Qwen 3 VL 235B A22B Instruct
Qwen 3 VL 235B A22B Instruct is Alibaba's 235B mixture-of-experts vision-language model with 22B active parameters per token, supporting interleaved text, images, and video over a context window of 262.1K tokens for visual coding, spatial perception, and fine-grained visual understanding.
import { streamText } from 'ai'
const result = streamText({ model: 'alibaba/qwen3-vl-235b-a22b-instruct', prompt: 'Why is the sky blue?'})About Qwen 3 VL 235B A22B Instruct
Qwen 3 VL 235B A22B Instruct is the N/A version of Alibaba's 235B-A22B vision-language model in instruct configuration. Built on a mixture-of-experts (MoE) architecture, it carries 235 billion total parameters with approximately 22 billion active per token, and serves a context window of 262.1K tokens for interleaved sequences of text, images, and video frames.
Compared with prior Qwen vision-language generations, the Qwen3 VL series brings improvements across visual coding, spatial perception, and fine-grained visual understanding. Qwen 3 VL 235B A22B Instruct parses charts, diagrams, GUI screenshots, and document images with stronger grounding, and can identify and reason about object positions and relationships within complex scenes.

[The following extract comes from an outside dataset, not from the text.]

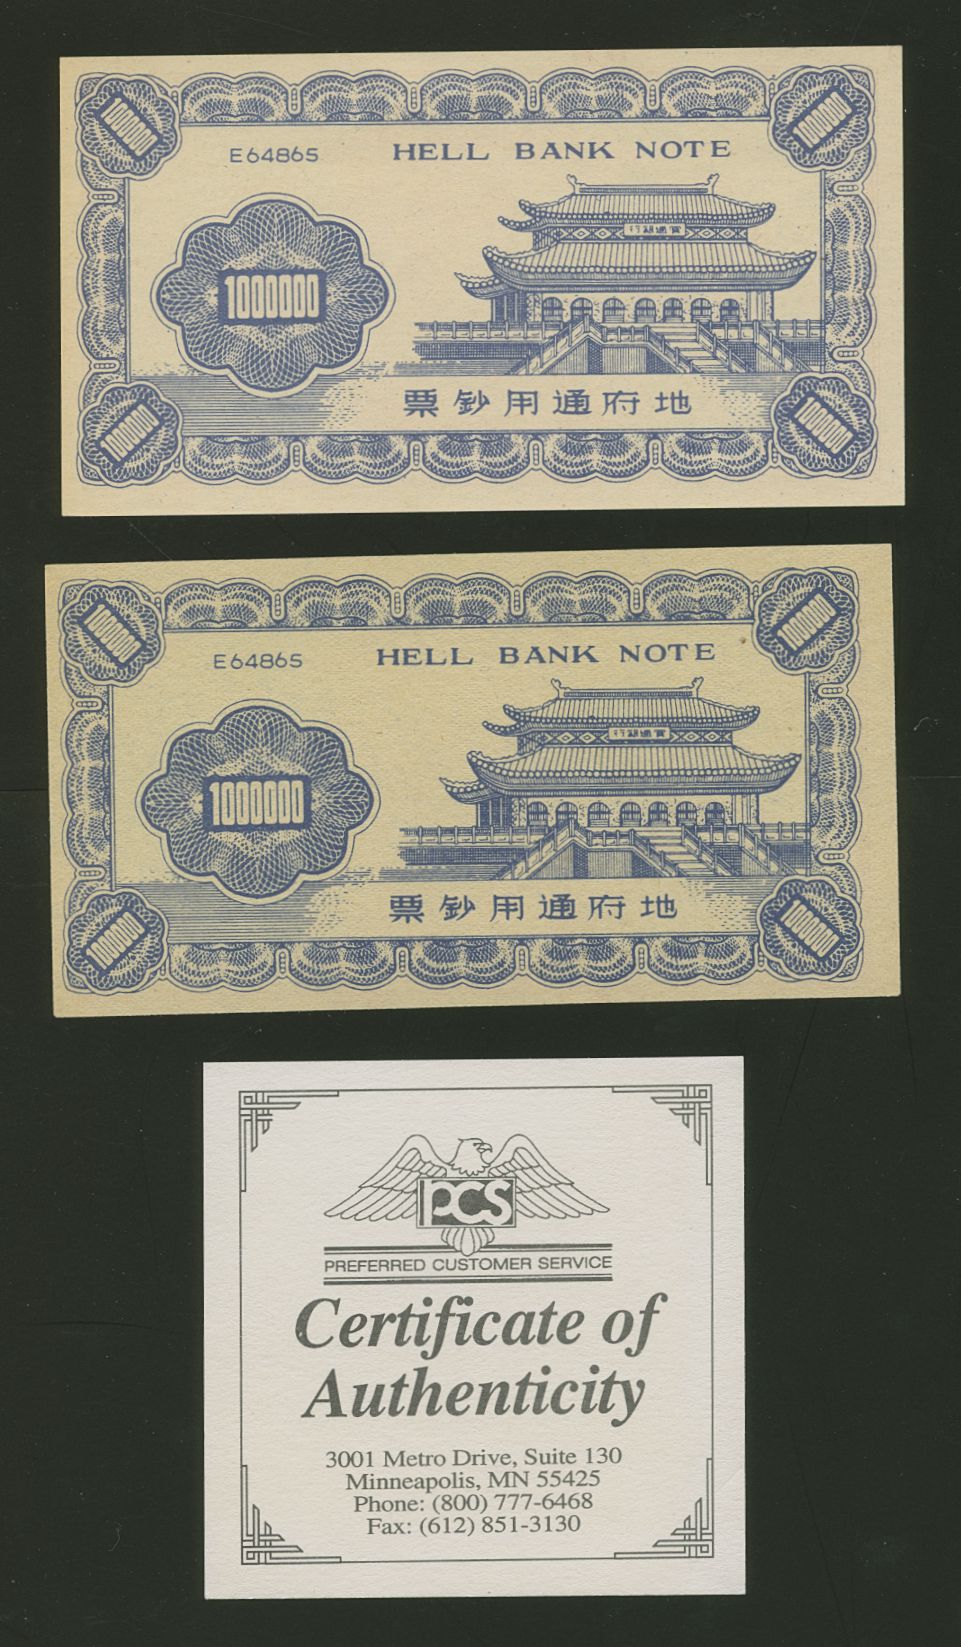 Chinese Hall Notes and card to explain (2 images of front and reverse)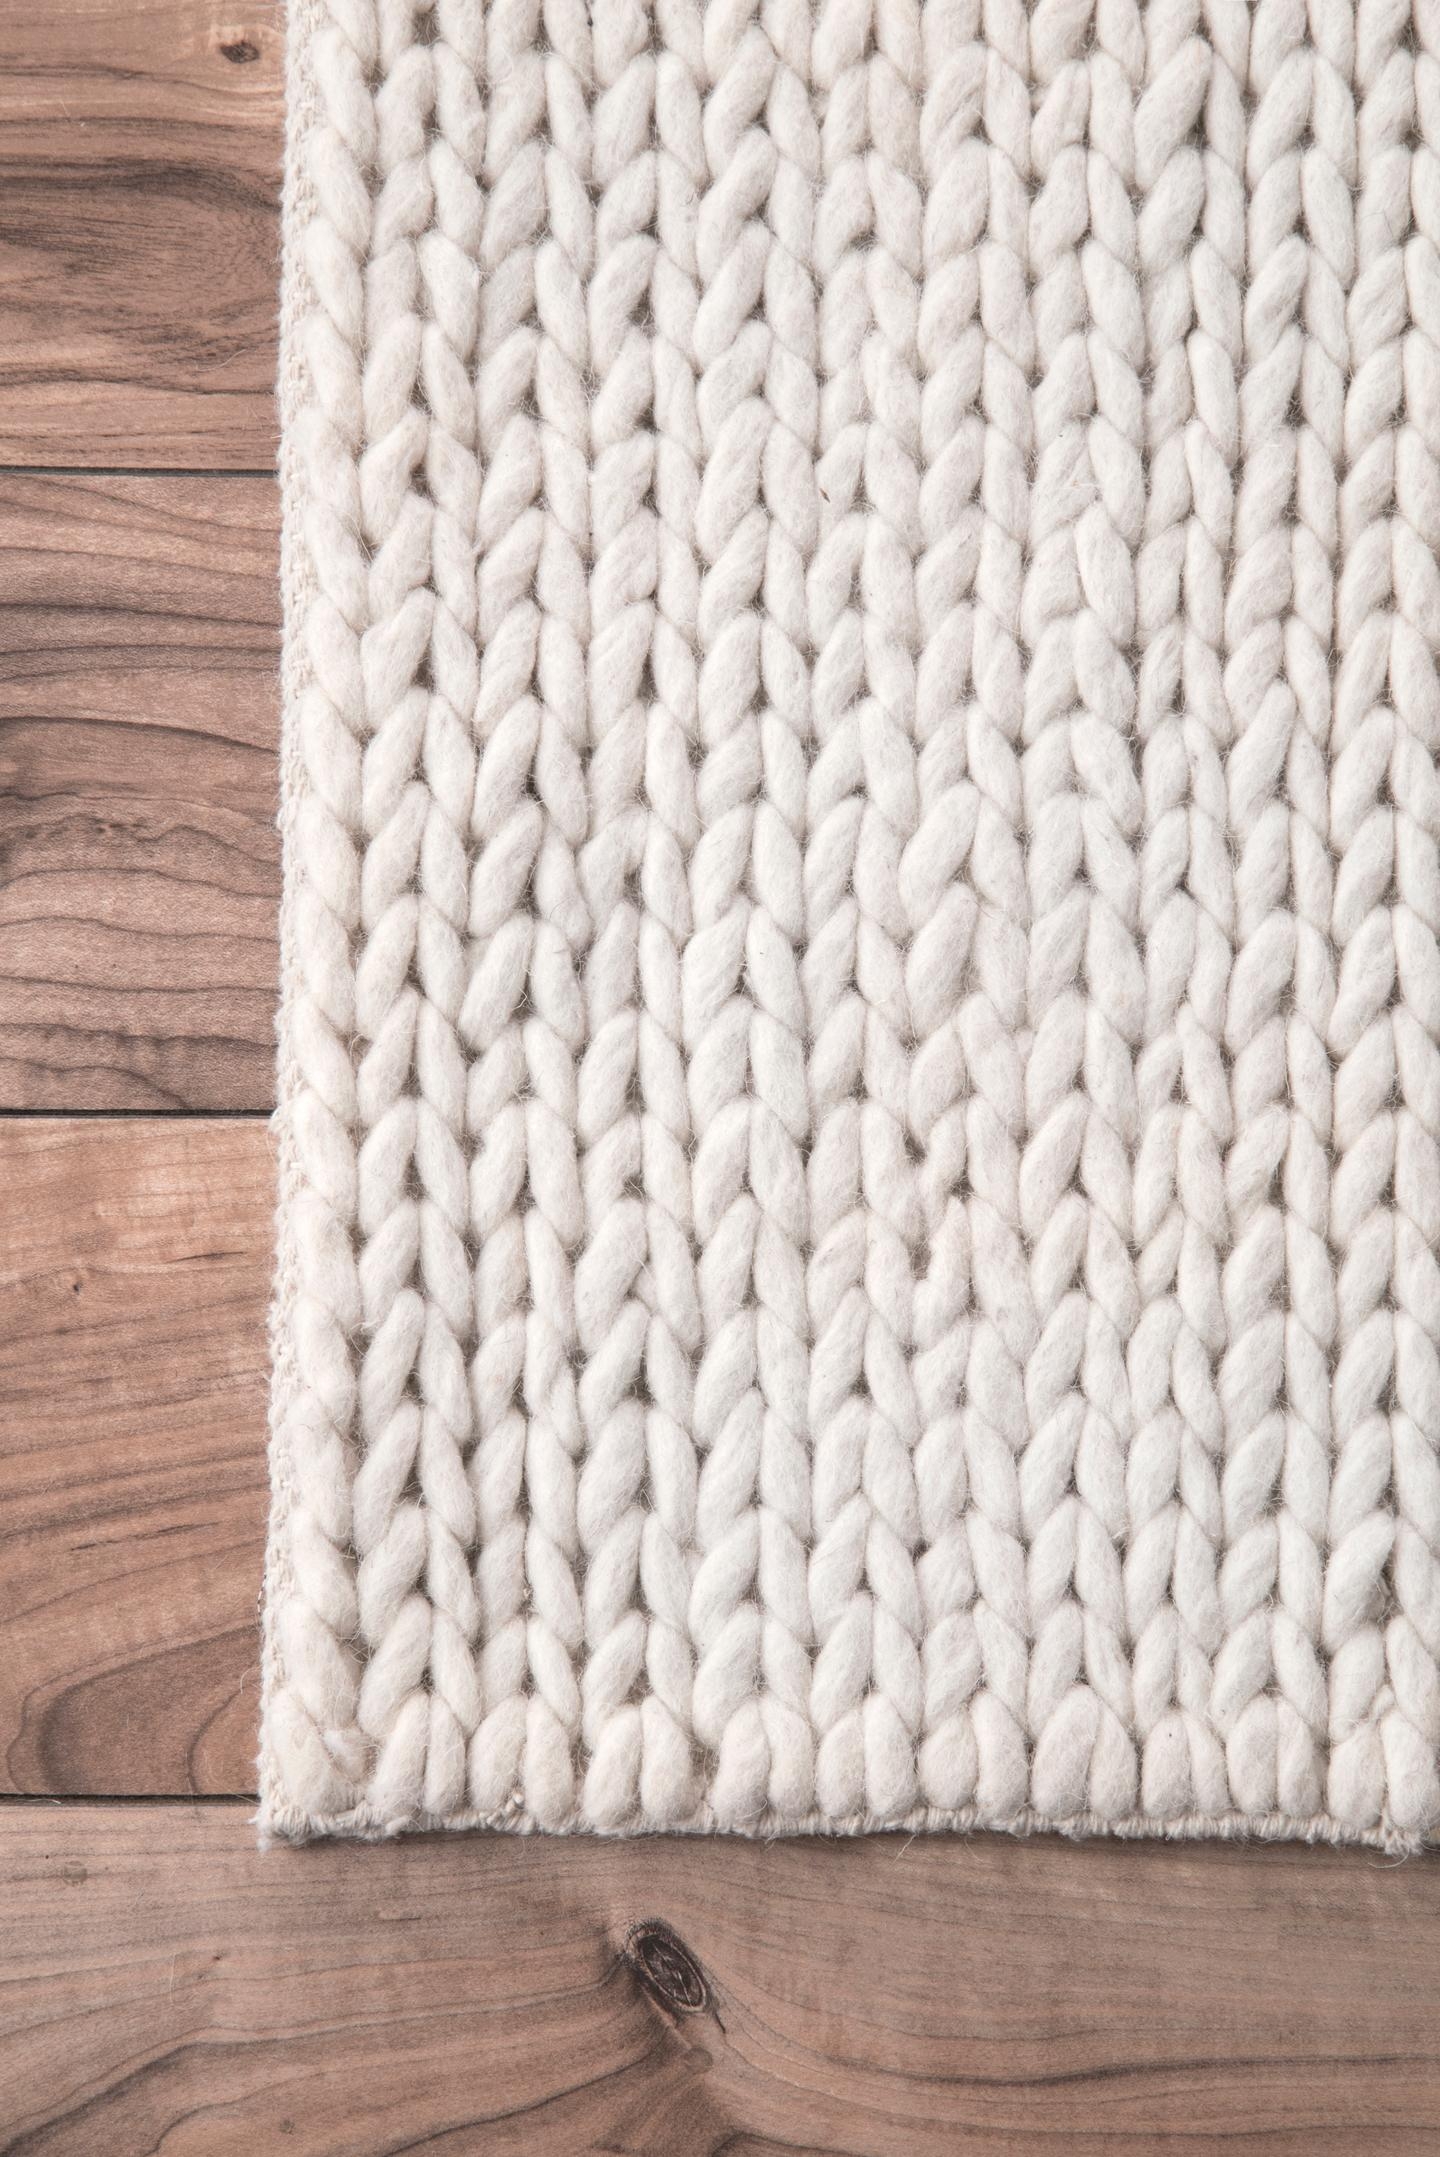 Hand Woven Chunky Woolen Cable Rug Area Rug - Image 3

The instruct configuration is tuned for direct instruction following rather than extended chain-of-thought, which makes Qwen 3 VL 235B A22B Instruct a practical default for production multimodal workloads: document intelligence, screen-reading agents, multi-image analysis, and visual coding pipelines that need fast, structured responses. You can integrate Qwen 3 VL 235B A22B Instruct through AI SDK, Chat Completions API, Responses API, Messages API, or other API formats, from TypeScript or Python, with a maximum output of 262.1K tokens per request.